So, a faculty member and I had that conversation with the students. “Yes, it sounds like a good idea, a good way to be helpful, and we want you to be active, but we want you to understand what community engagement looks like. We want you to understand how communities expect to be respected by even the smallest gesture.”

Gary Bailey:  That highlights the whole concept of what others and I sometimes refer to as “dysfunctional rescuing.” People want to go in and do something but they don’t take enough time to stand back and consider the implications. It happens with international tragedies too.  Something will happen abroad and then people will say, “Well I want to go over there and do something.”

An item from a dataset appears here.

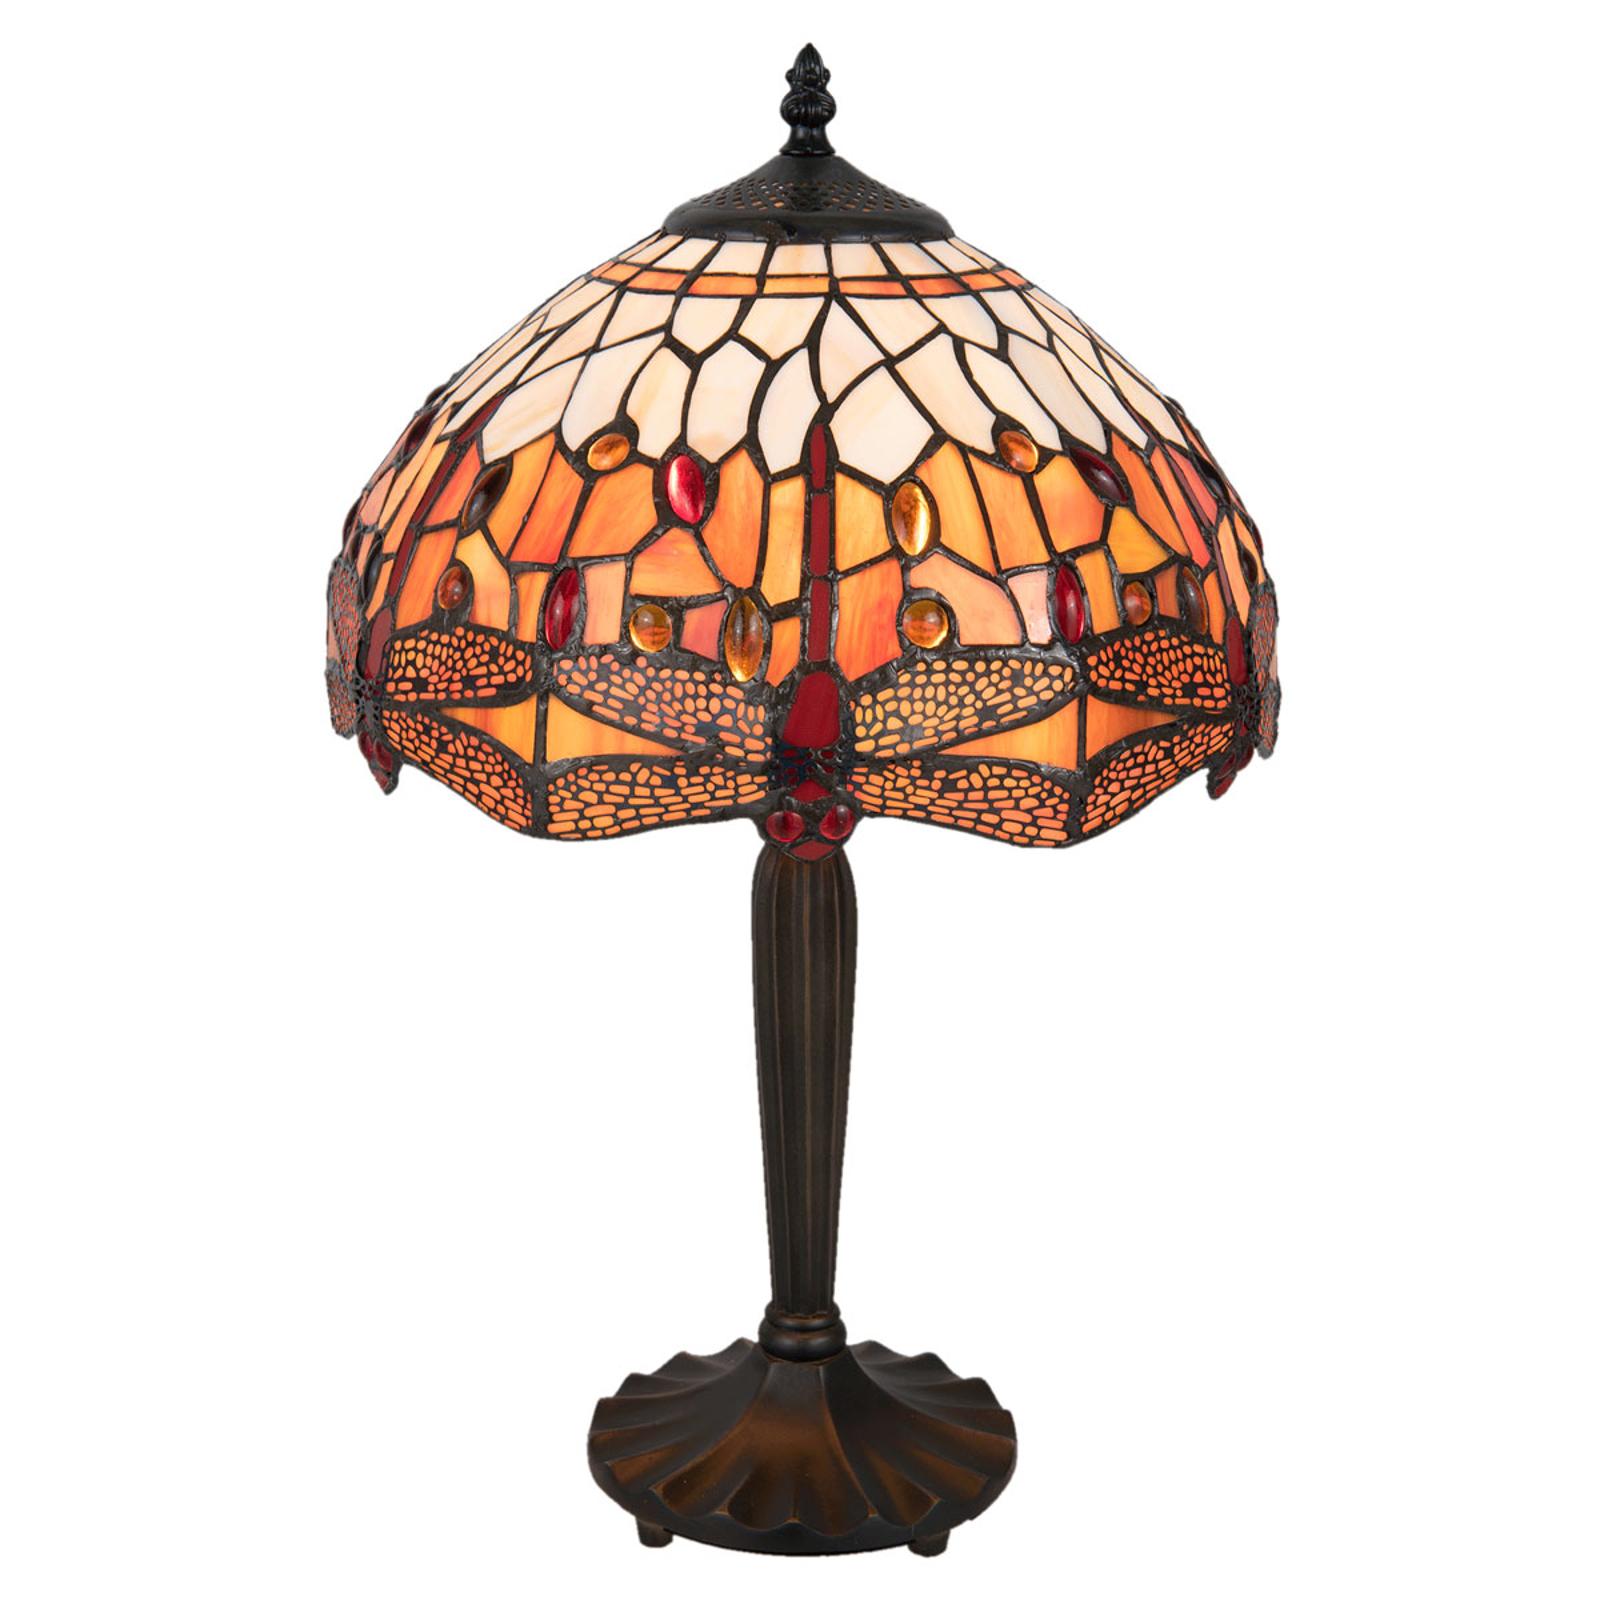 Lampe à poser 5204 motif libellule, rouge-brun

Then I need to say, “OK. Let’s talk about the stress your being there is going to put on already stressed infrastructure.”

Cynthia Williams:  Exactly.

Gary Bailey:  You are going to take water from someone who needs the water.

Cynthia Williams:  Yes, exactly.

Gary Bailey:  OK, so we are saying the same thing, and how then can people feel empowered during a chaotic situation like the one in Ferguson.  At the same time holding your students in a space that says, “your desire to do something is a good thing, but let’s think about it, is it the right thing?”

Cynthia Williams:  That’s exactly right. I love that term “dysfunctional rescue.”  There were men and women in the community who needed to do something for their own community. They wanted to make a difference and they wanted to see a difference.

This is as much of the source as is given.